I embarked on a re-read of Slaughterhouse Five with Greg of New Dork Review of Books for Book Riot's Vonnegut Day (here's the post we wrote together about the experience, if you're interested) and man. That is one bleak read, which explains why I loved it so hard in high school (I also lurved it this time because it's darkly hilarious which is my favorite kind of hilarious and his prose is deceptively simple. Like Hemingway, if Hemingway was a total smart-ass and also made pencil drawings of boobs).

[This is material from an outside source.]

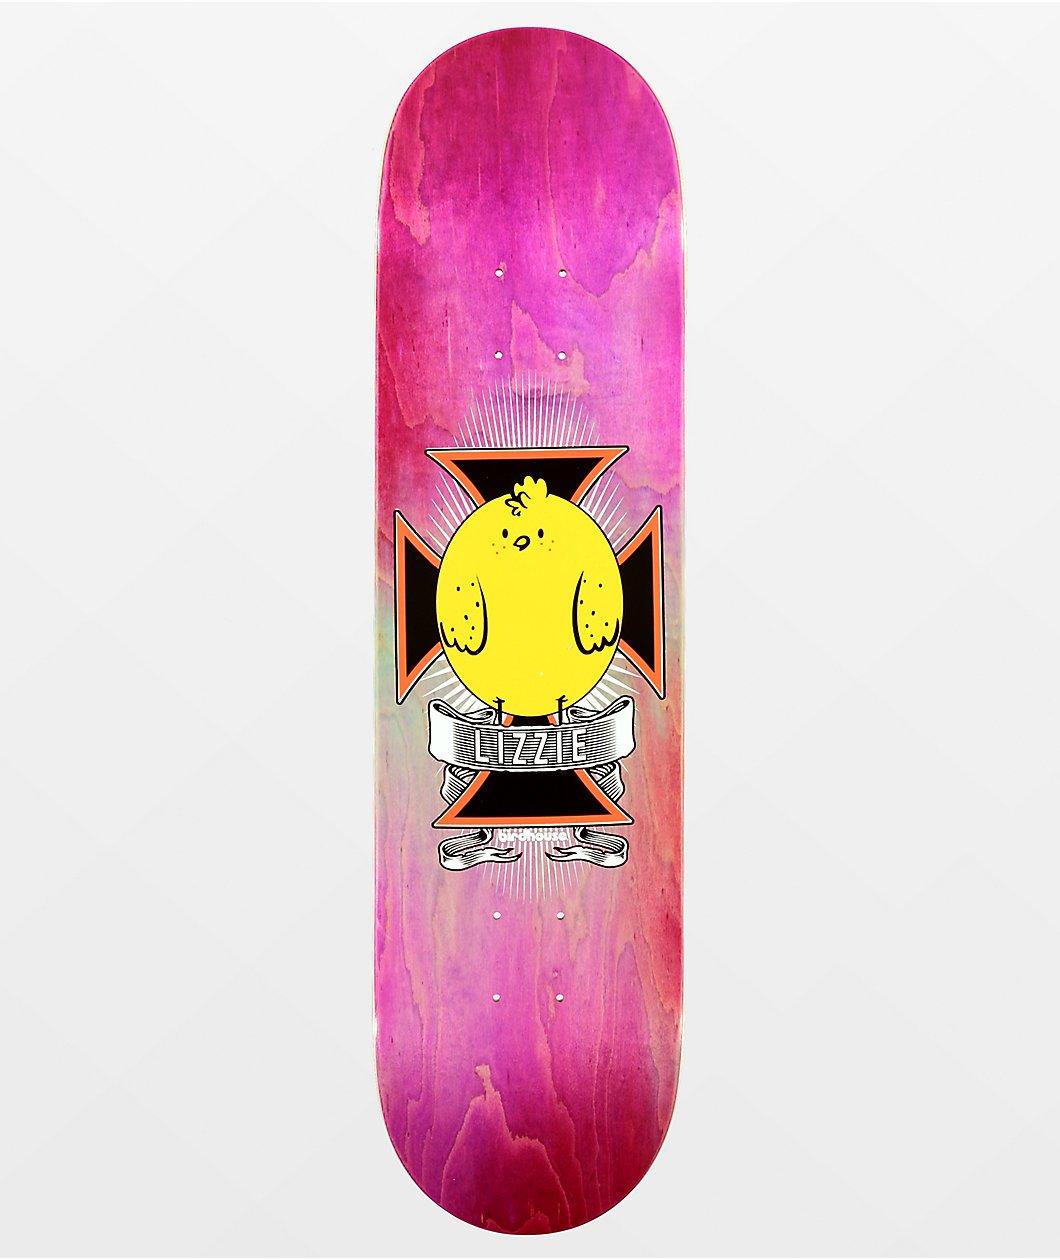 Birdhouse Lizzie Chickpea 8.0 x 31.75 Skateboard Deck

The resemblance, she is uncanny.
For those of you who didn't go through the requisite Vonnegut-lurve as an adolescent like the rest of us did, let me catch you up to speed here: in Slaughterhouse Five, the main character Billy Pilgrim is an accidentally-time-traveling (maybe) veteran of World War II who was present at the fire-bombing of Dresden, Germany, and who was also kidnapped by aliens (maybe). The aliens who (maybe) take Billy teach him that all of time has already happened at the same time that it is happening and at the same time that it is always happening, so each moment is both inevitable and inalterable. Vonnegut drives this point home by stating "So it goes" (you know, that most popular of hipster tattoos) anytime a character dies. In the fist meta-chapter, Vonnegut gives us a semi-or-maybe-totally-autobiographical account of how hard it was for him to finally write a book about Dresden, saying that writing an anti-war book is like writing an anti-glacier book. An uphill battle with little to no discernable results.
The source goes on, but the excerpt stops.